Data block —
------------------------

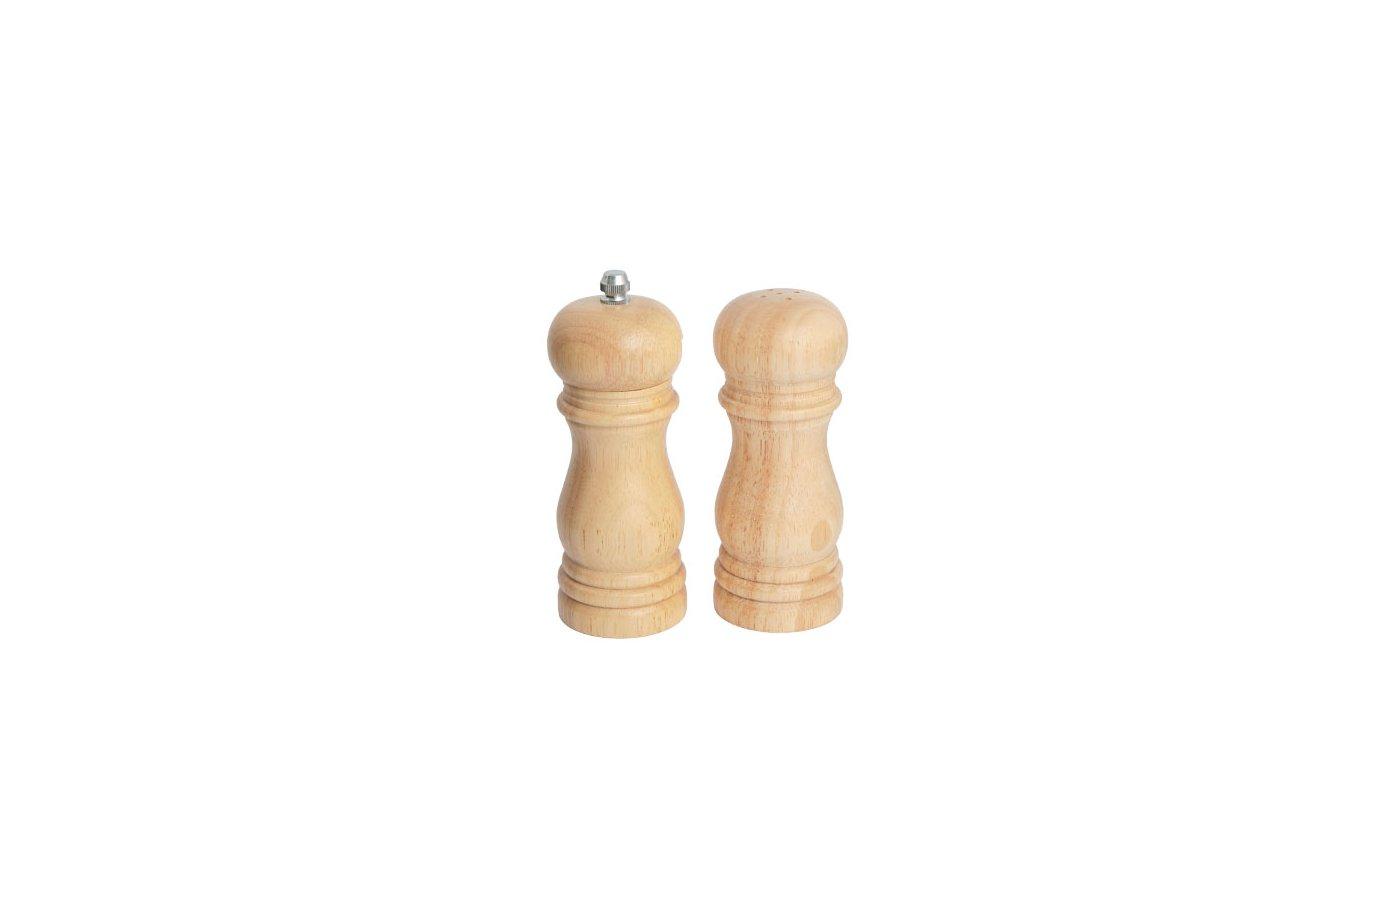 набор для специй VETTA 827-022 Набор для специй 2пр. мельница 16см + солонка 15см деревянный
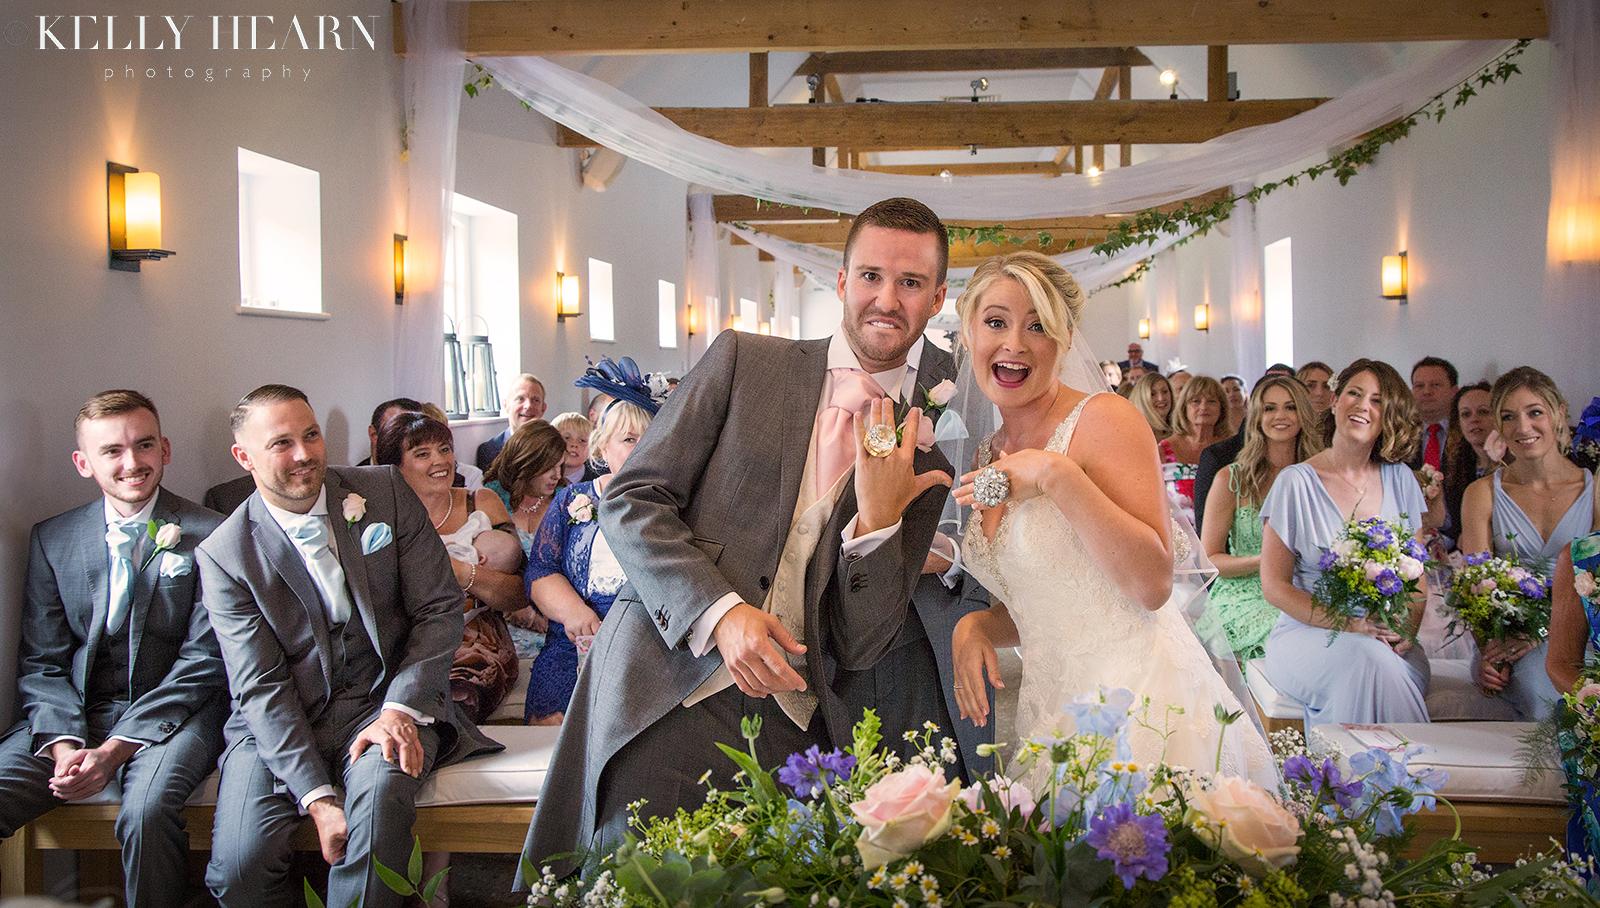 THO_bride-groom-fake-rings.jpg#asset:2093
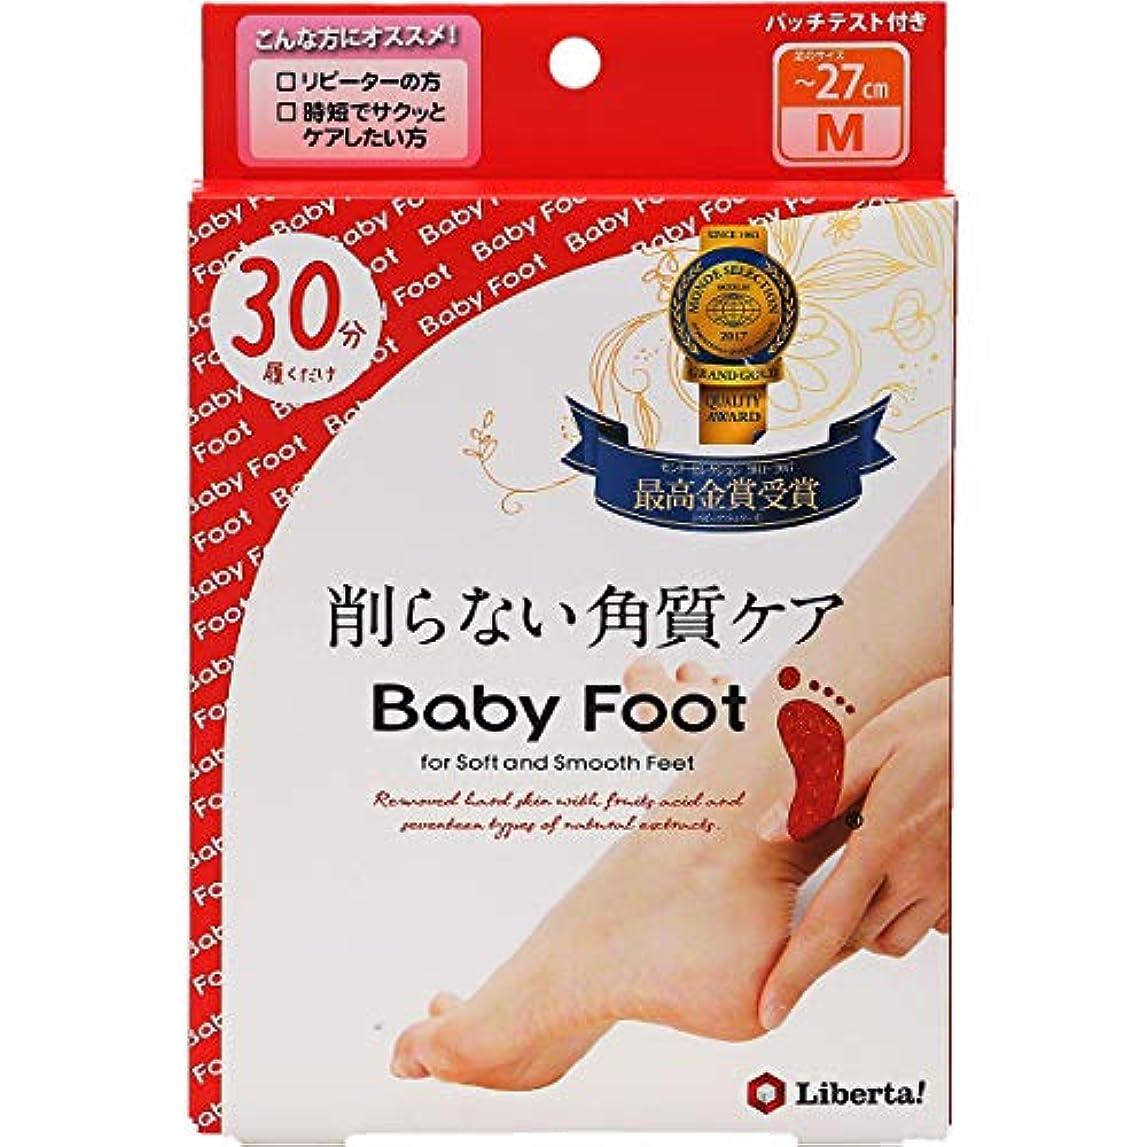 休憩に変わる放映ベビーフット (Baby Foot) ベビーフット イージーパック30分タイプ Mサイズ 単品
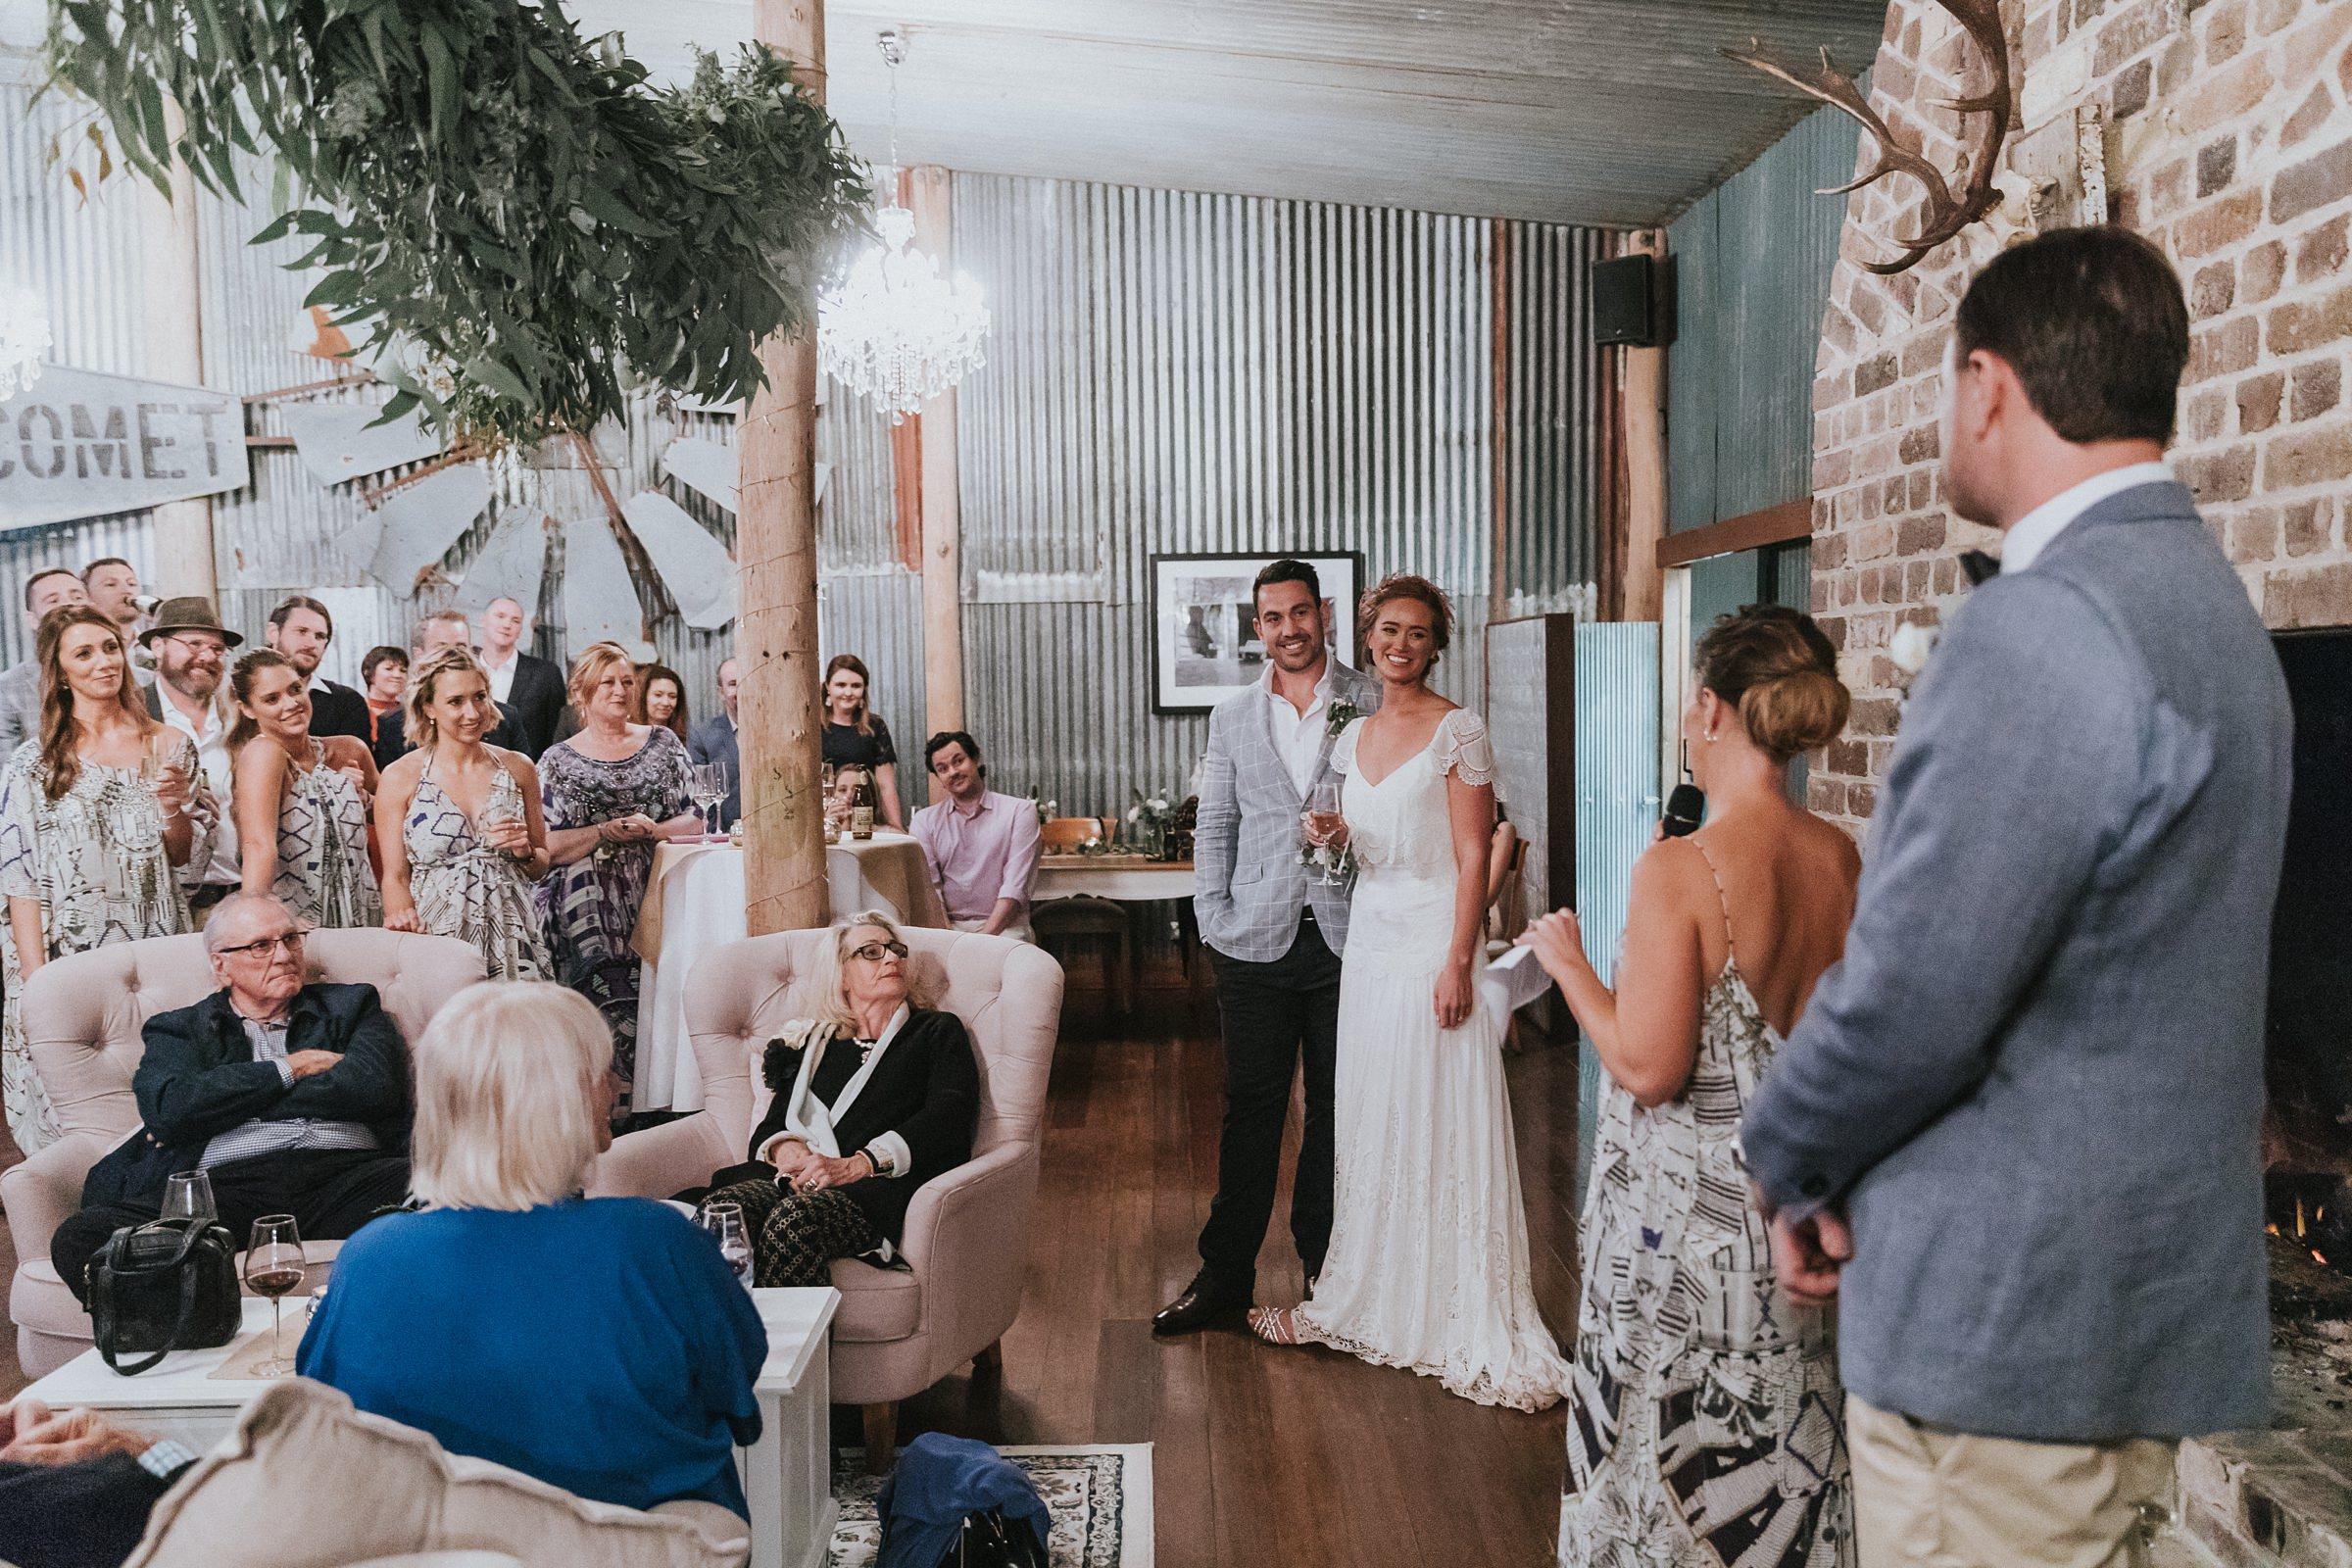 mali brae farm speeches during wedding reception

------------------------

Work to complete —
Print out all the material above exactly as it appears, omitting the images.

Solution to this exercise —
 набор для специй VETTA 827-022 Набор для специй 2пр. мельница 16см + солонка 15см деревянный
 THO_bride-groom-fake-rings.jpg#asset:2093
 休憩に変わる放映ベビーフット (Baby Foot) ベビーフット イージーパック30分タイプ Mサイズ 単品
 mali brae farm speeches during wedding reception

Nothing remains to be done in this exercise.